Appears in 1 contract
Stock Certificates and Uncertificated Shares. (a) Every holder of stock in the Corporation shall be entitled to have a certificate signed by or in the name of the Corporation by (i) the president, the chief executive officer, if any, the president or a vice president, and (ii) the secretary, an assistant secretary, the treasurer or the chief financial officer, if any, of the Corporation (or any other two officers or agents so authorized by the Board of Directors), certifying the number of shares of stock owned by him, her or it in the Corporation; provided that the Board of Directors may authorize the issuance of uncertificated shares of some or all of any or all classes or series of the Corporation’s stock. Any such issuance of uncertificated shares shall have no effect on existing certificates for shares until such certificates are surrendered to the Corporation, or on the respective rights and obligations of the stockholders. Whenever any such certificate is countersigned or otherwise authenticated by a transfer agent or a transfer clerk and by a registrar (other than the Corporation), then a facsimile of the signatures of any corporate officers or agents, the transfer agent, transfer clerk or the registrar of the Corporation may be printed or lithographed upon the certificate in lieu of the actual signatures. In the event that any officer or officers who have signed, or whose facsimile signatures have been used on any certificate or certificates for stock cease to be an officer or officers because of death, resignation or other reason, before the certificate or certificates for stock have been delivered by the Corporation, the certificate or certificates may nevertheless be adopted by the Corporation and be issued and delivered as though the person or persons who signed the certificate or certificates, or whose facsimile signature or signatures have been used thereon, had not ceased to be an officer or officers of the Corporation.

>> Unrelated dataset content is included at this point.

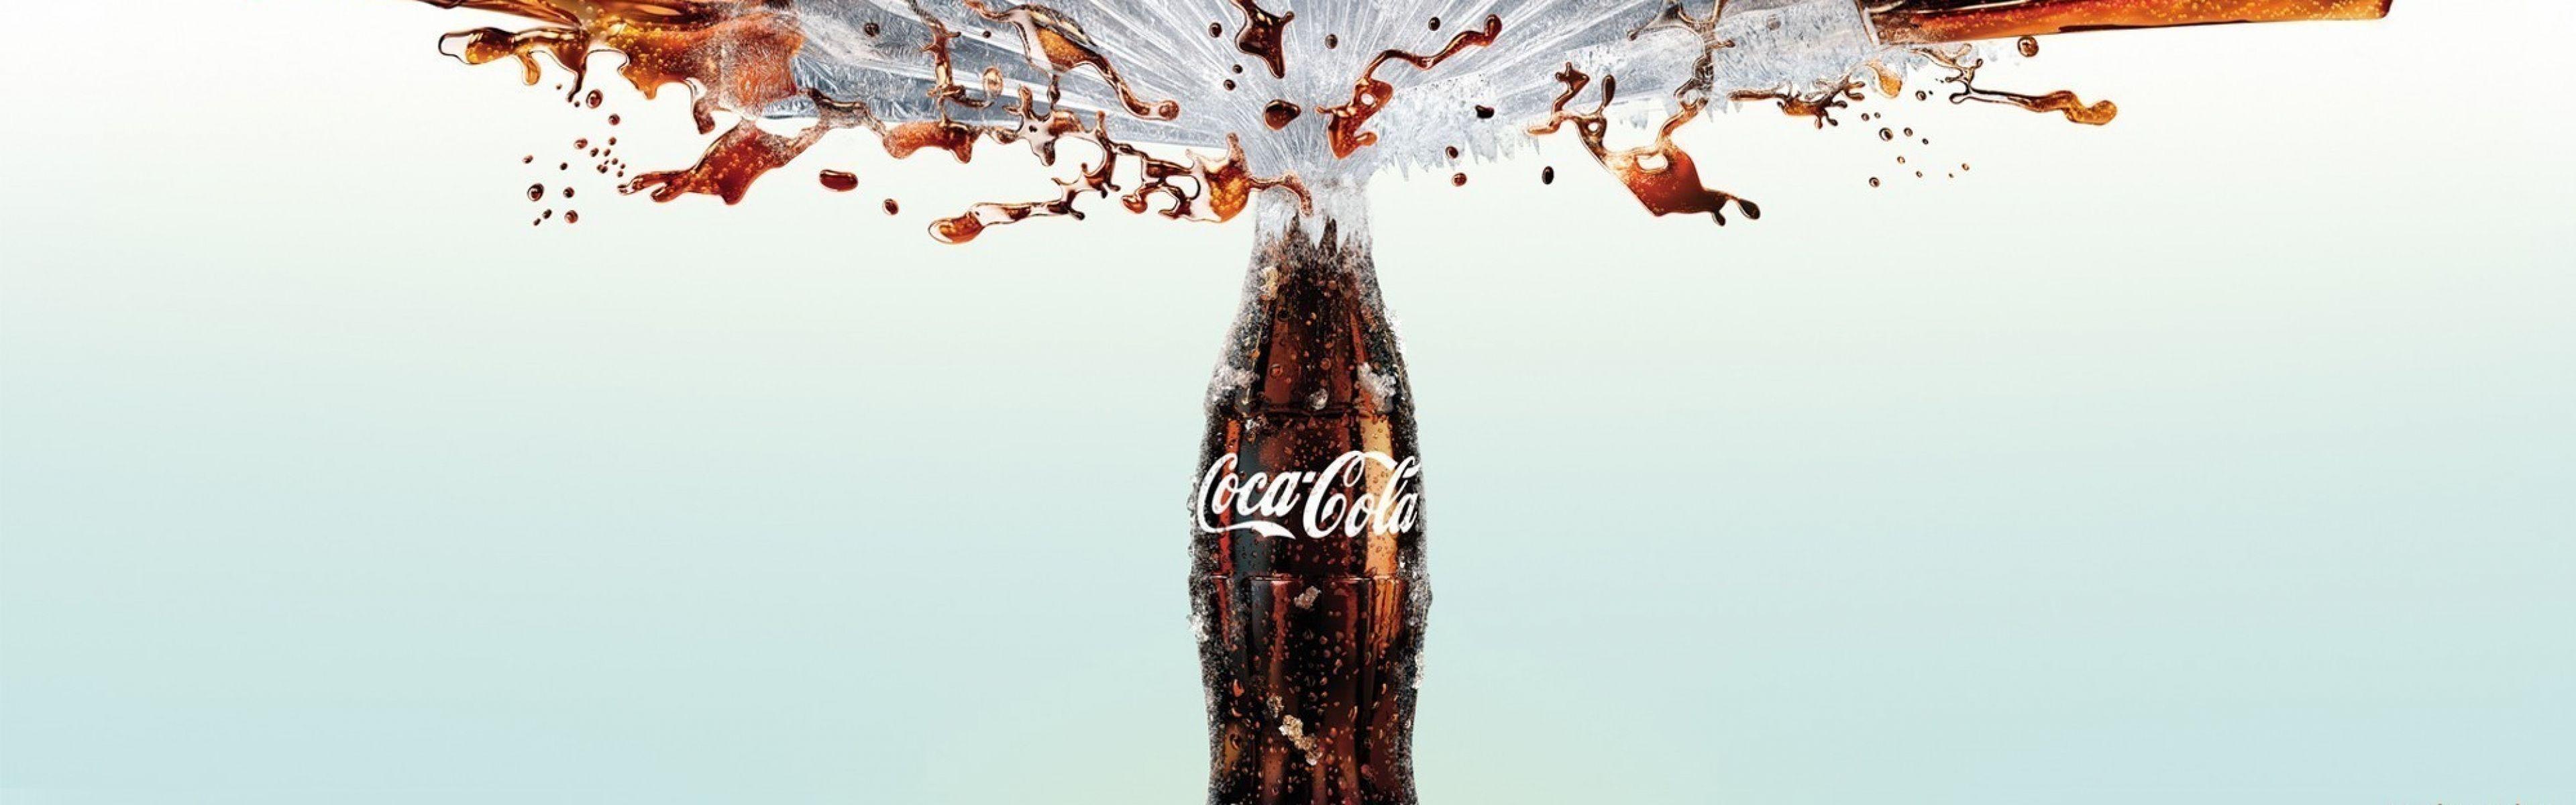 Coca Cola Bottle Wallpaper High Quality HD 15390

(b) Within a reasonable time after the issuance or transfer of uncertificated shares, the Corporation shall send to the registered owner thereof a written statement certifying the number and class (and the designation of the series, if any) of the shares owned by such stockholder in the Corporation and any restrictions on the transfer or registration of such shares imposed by the Articles of Incorporation, these Bylaws, any agreement among stockholders or any agreement between the stockholders and the Corporation, and, at least annually thereafter, the Corporation shall provide to such stockholders of record holding uncertificated shares, a written statement confirming the information contained in such written statement previously sent. Except as otherwise expressly provided by the NRSlaw, the rights and obligations of the stockholders of the Corporation shall be identical whether or not their shares of stock are represented by certificates.
(c) Each certificate representing shares shall state the following upon the face thereof: the name of the state of the Corporation’s organization; the name of the person to whom issued; the number and class of shares and the designation of the series, if any, which such certificate represents; the par value of each share, if any, represented by such certificate or a statement that the shares are without par value. Certificates of stock shall be in such form consistent with law as shall be prescribed by the Board of Directors. No certificate shall be issued until the shares represented thereby are fully paid. In addition to the foregoing, all certificates evidencing shares of the Corporation’s stock or other securities issued by the Corporation shall contain such legend or legends as may from time to time be required by the NRS or such other federal, state or local laws or regulations then in effect.